How is Haiti doing?

I haven’t thought too much about Haiti since a 2010 trip down toward the earthquake-stricken zone. How is the country doing? I’m halfway through Haiti After the Earthquake┬áby Paul Farmer, one of Boston’s local heroes.

So far (in the book), the news doesn’t seem to be good. Farmer describes his hostility toward companies that ran factories there in the 1980s and paid what he considered to be unfairly low wages. He had similar complaints about the tourism industry. By the time of the quake, the factories had moved to Asia and tourism had shut down, but no high-wage employers came in to replace these industries. Farmer also attributes Haiti’s poverty to “unfair trade practices” by the U.S. but doesn’t explain what these are (perhaps our tariffs on agricultural products and subsidies for domestic agriculture?).
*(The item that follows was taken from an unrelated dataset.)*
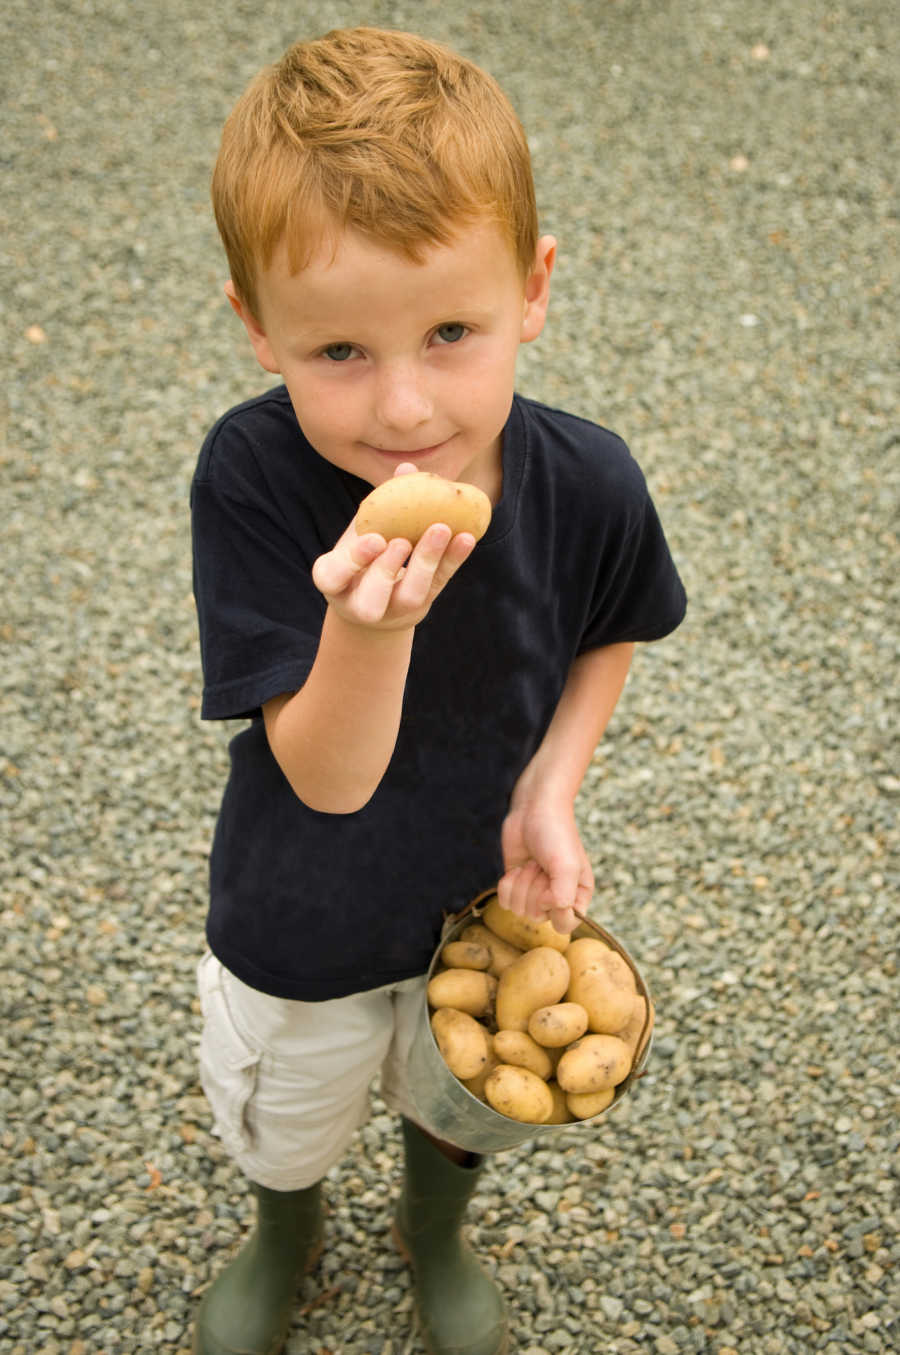 Toddler boy holding a bucket of potatoes in one hand and a single potato in the other as parents teach him lesson

Foreign aid doesn’t seem to work out that well for Haiti. Farmer describes food aid programs that devastate the local agricultural economy, a U.N. group that keeps massive shipping containers on a hillside before a pre-quake hurricane (they wash into a river, smash into a bridge, and bring down the bridge, thus cutting off a heavily populated portion of the country), and a U.N. group that brings cholera to Haiti. Even when foreigners show up to do something useful they tend to displace Haitians. Farmer describes American, European, and Israeli medical personnel showing up to work in Haitian hospitals and clinics after the quake. For every foreigner who shows up, a Haitian employee leaves to check up on/assist his or her family. Farmer describes the earthquake as having been devastating to Haiti’s central government, with most of their ministry buildings flattened. He complains that foreign aid goes to non-governmental organizations and/or is directly spent by foreign governments (e.g., the U.S. government paying its own military personnel) rather than being funneled through the Haitian government.

The CIA Factbook shows Haiti currently growing at a healthy 3.4 percent real rate (well above the population growth rate of 1.1 percent). Global Finance says that Haiti suffered a 5.5 percent reduction in GDP during 2010 but made it all back up in 2011. The Economist in 2013 said that things weren’t going as well as hoped. By the numbers it looks as though the earthquake resulted in two lost years of growth, which of course is bad but not nearly as bad as the number of years of growth lost in various countries that have had financial meltdowns.